-------- Exercise input

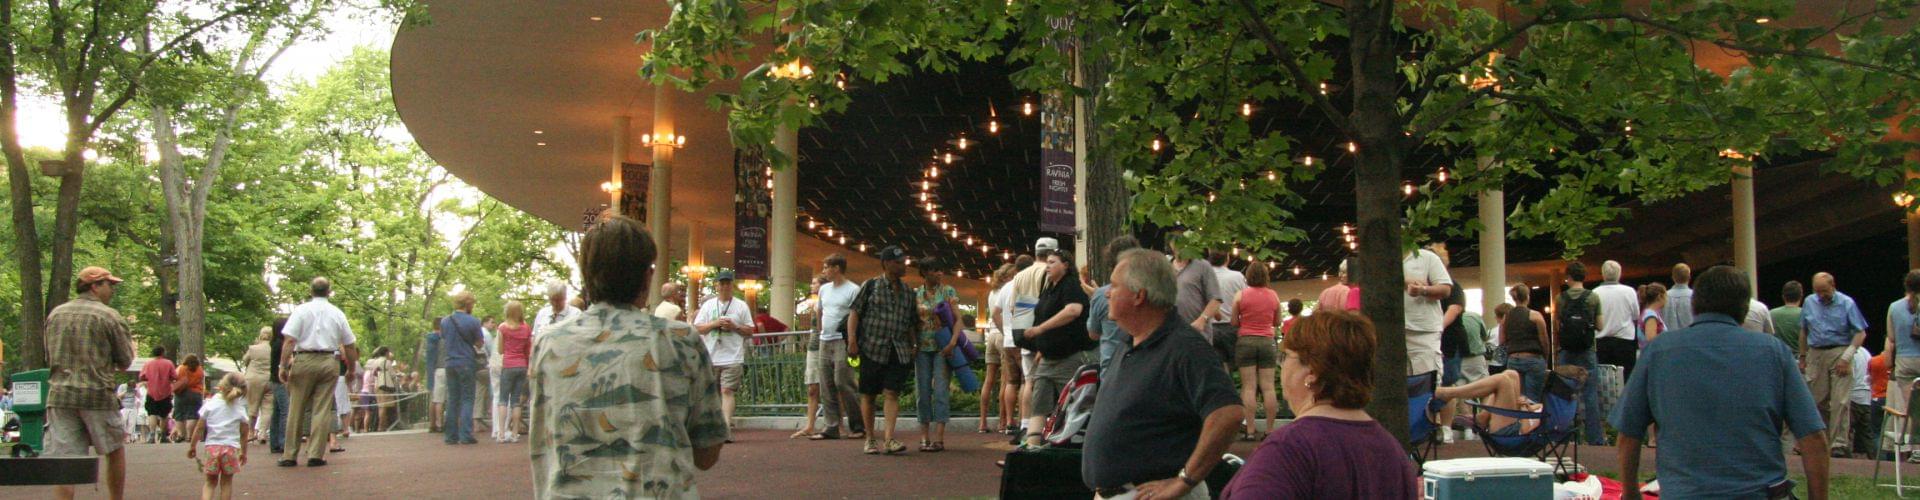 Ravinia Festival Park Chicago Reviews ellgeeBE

----------------
-------- Exercise input

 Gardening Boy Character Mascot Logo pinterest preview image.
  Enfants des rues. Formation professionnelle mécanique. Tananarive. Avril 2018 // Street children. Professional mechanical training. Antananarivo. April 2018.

----------------

• _Activity_
Starting at the line with "Gardening Boy Character" and ending at the line with "Enfants des rues.", print each line of the listing above exactly, with no other lines.

• _Task response_
 Gardening Boy Character Mascot Logo pinterest preview image.
  Enfants des rues. Formation professionnelle mécanique. Tananarive. Avril 2018 // Street children. Professional mechanical training. Antananarivo. April 2018.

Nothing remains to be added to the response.